Documentation
Build
Configuration
Voice Configuration

Voice & Language Configuration

Voice Configuration controls how your assistant sounds and how it listens during a live call. These settings directly affect the caller experience a misconfigured voice feels robotic, and wrong sensitivity causes the assistant to cut callers off mid-sentence.

voice-configuration

Language

Set the primary language the assistant speaks and listens in. This determines which voice models are available for selection and how the speech recognition engine interprets the caller's input.

Set the assistant's primary operating language here. This determines:

  • Which voice models are available for selection in Voice Configuration
  • How the speech recognition engine interprets and transcribes the caller's input
  • Which system phrases and fallback messages are used

Voice

Your assistant's voice is powered by a selected model from a provider. In the example above, the assistant uses Apollo from Deepgram.
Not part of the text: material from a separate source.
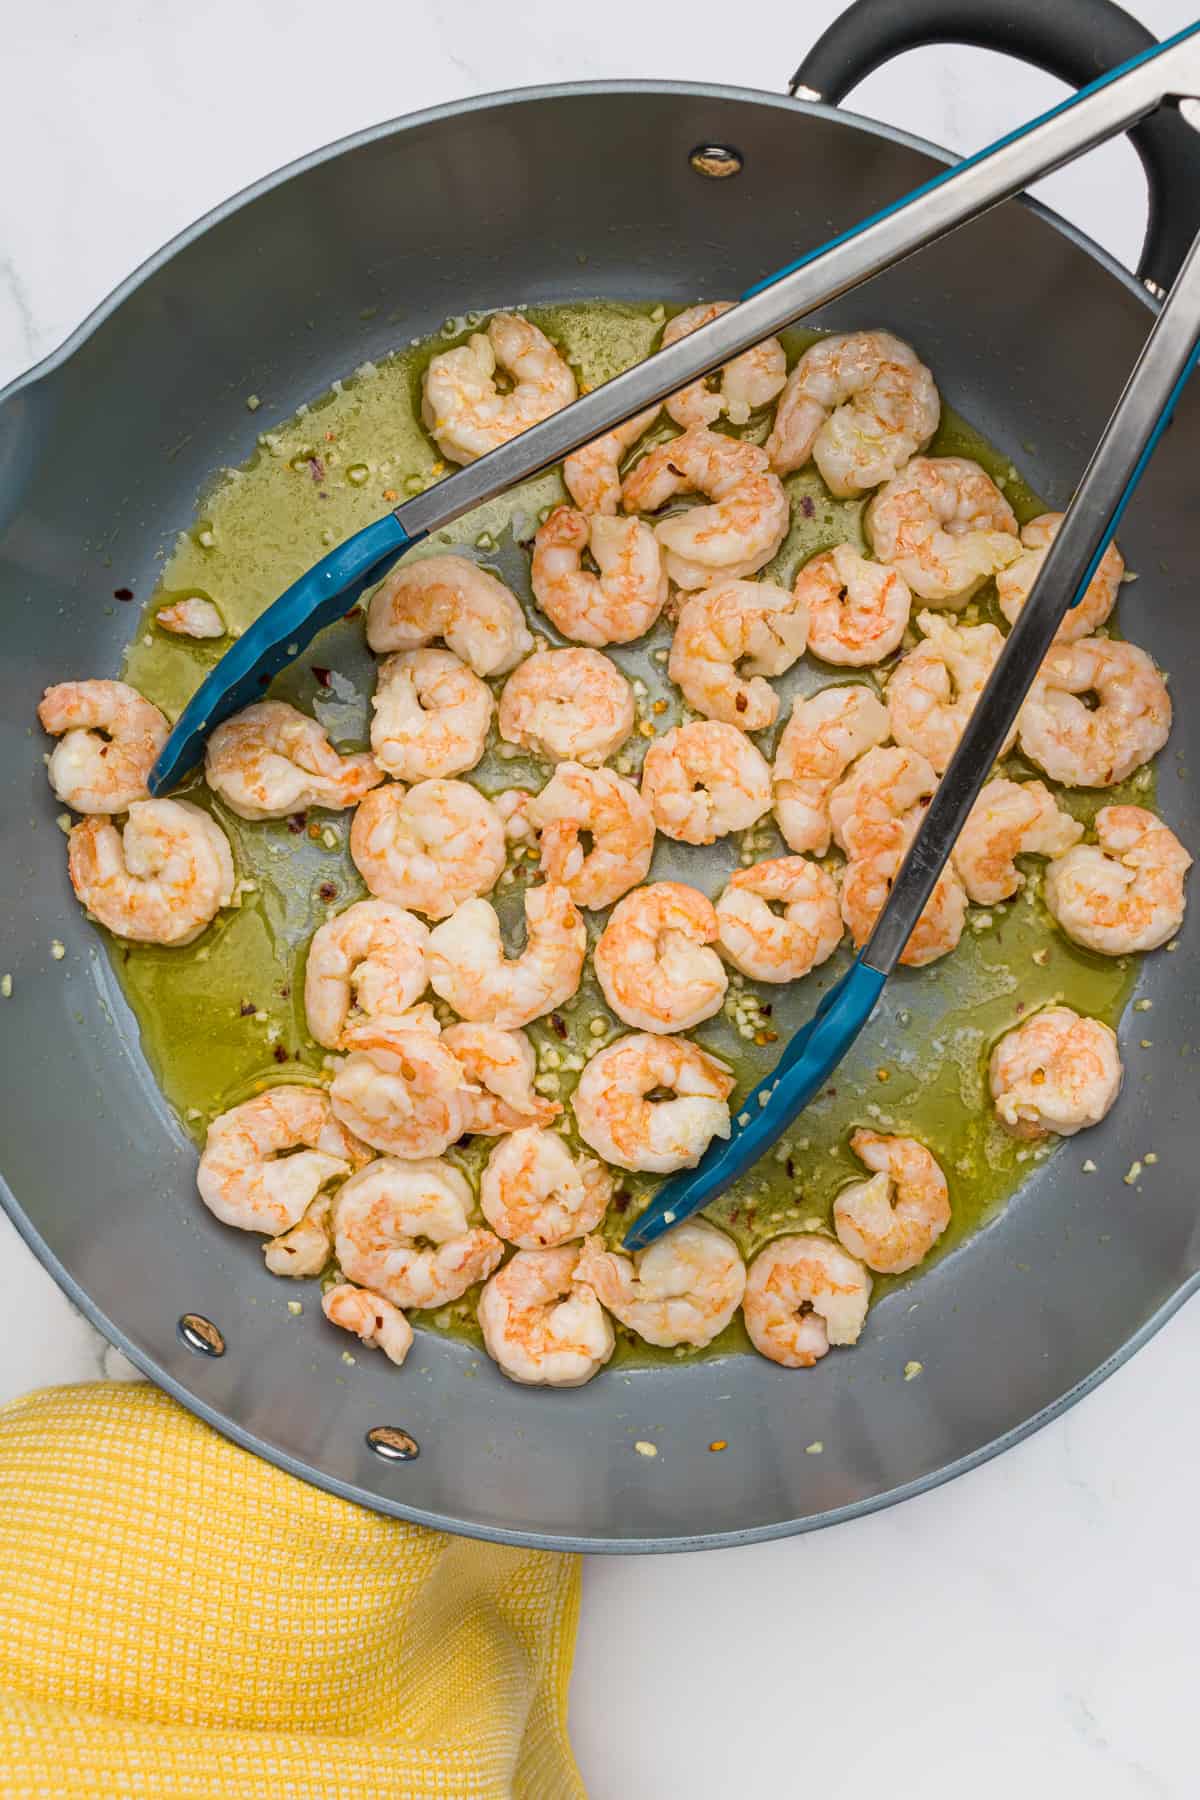 Shrimp cooking in oil and butter with minced garlic in a skillet with tongs.

Each provider has a distinct character:

ProviderCharacter
DeepgramOptimized for low-latency telephony fast, clear, and reliable on real phone calls
ElevenLabsMore expressive and human-sounding, best for brand experiences where richness matters
SarvamDesigned for Indian languages and multilingual support natural, clear, and localized voice output

Two actions are available directly on the voice card:

ActionDescription
ListenPlays a preview of the selected voice so you can hear exactly how it sounds before saving
EditOpens voice selection to browse and switch to a different voice model or provider

Always click Listen before saving. The same script sounds completely different across providers and voice models what reads well on paper may not sound right out loud.


Patience Level

Patience Level controls how long the assistant waits after the caller goes silent whether they finished speaking, are still thinking, or didn't respond at all before it re-prompts them.

LevelBest For
LowFast-paced sales or support flows where hesitation is uncommon
MediumGeneral use balanced for most audiences (recommended default)
HighElderly callers, complex topics, non-native speakers, or anyone who needs more time to gather their thoughts
⚠️

Setting patience too low causes the assistant to re-prompt callers who are still thinking, which feels rude and abrupt. Setting it too high creates awkward dead air on calls with fast, confident speakers. Start with Medium and adjust based on real call recordings.


Advanced Settings

Click Advanced Settings to expand three slider controls that fine-tune the expressive quality of the assistant's voice. These settings are specific to the voice model and provider selected.

Stability 0.5 (default)

Controls how consistent and predictable the assistant's voice sounds across sentences.

ValueEffect
Low (toward 0.0)More expressive and varied delivery the voice has more natural inflection but can sound inconsistent across long calls
High (toward 1.0)More stable and uniform delivery reliable and predictable, but can feel flat or monotone

A value of 0.5 balances natural variation with consistency, which works well for most call types.

Style Exaggeration 0.0 (default)

Amplifies the stylistic characteristics of the selected voice its energy, personality, and expressiveness.

ValueEffect
0.0The voice performs neutrally, closest to how it sounds in preview
Higher valuesThe voice becomes more dramatic and energetic useful for high-energy sales or engagement calls, but can sound unnatural if pushed too far

Keep Style Exaggeration at 0.0 for professional or formal call types such as customer support, feedback collection, or appointment reminders. Increase it slightly only for outbound campaigns where energy and enthusiasm are intentional.

Similarity 0.80 (default)

Controls how closely the assistant's generated speech adheres to the original trained voice model.

ValueEffect
Low (toward 0.0)The voice drifts further from the original model can introduce artifacts or inconsistency
High (toward 1.0)The voice stays very close to the original trained model cleaner and more consistent output

A value of 0.80 is recommended for most use cases. Only reduce this if you intentionally want more variation from the base voice.

⚠️

Stability, Style Exaggeration, and Similarity interact with each other. A high Style Exaggeration combined with a low Stability can produce unpredictable and inconsistent audio quality. Change one slider at a time and use Listen to preview the result before saving.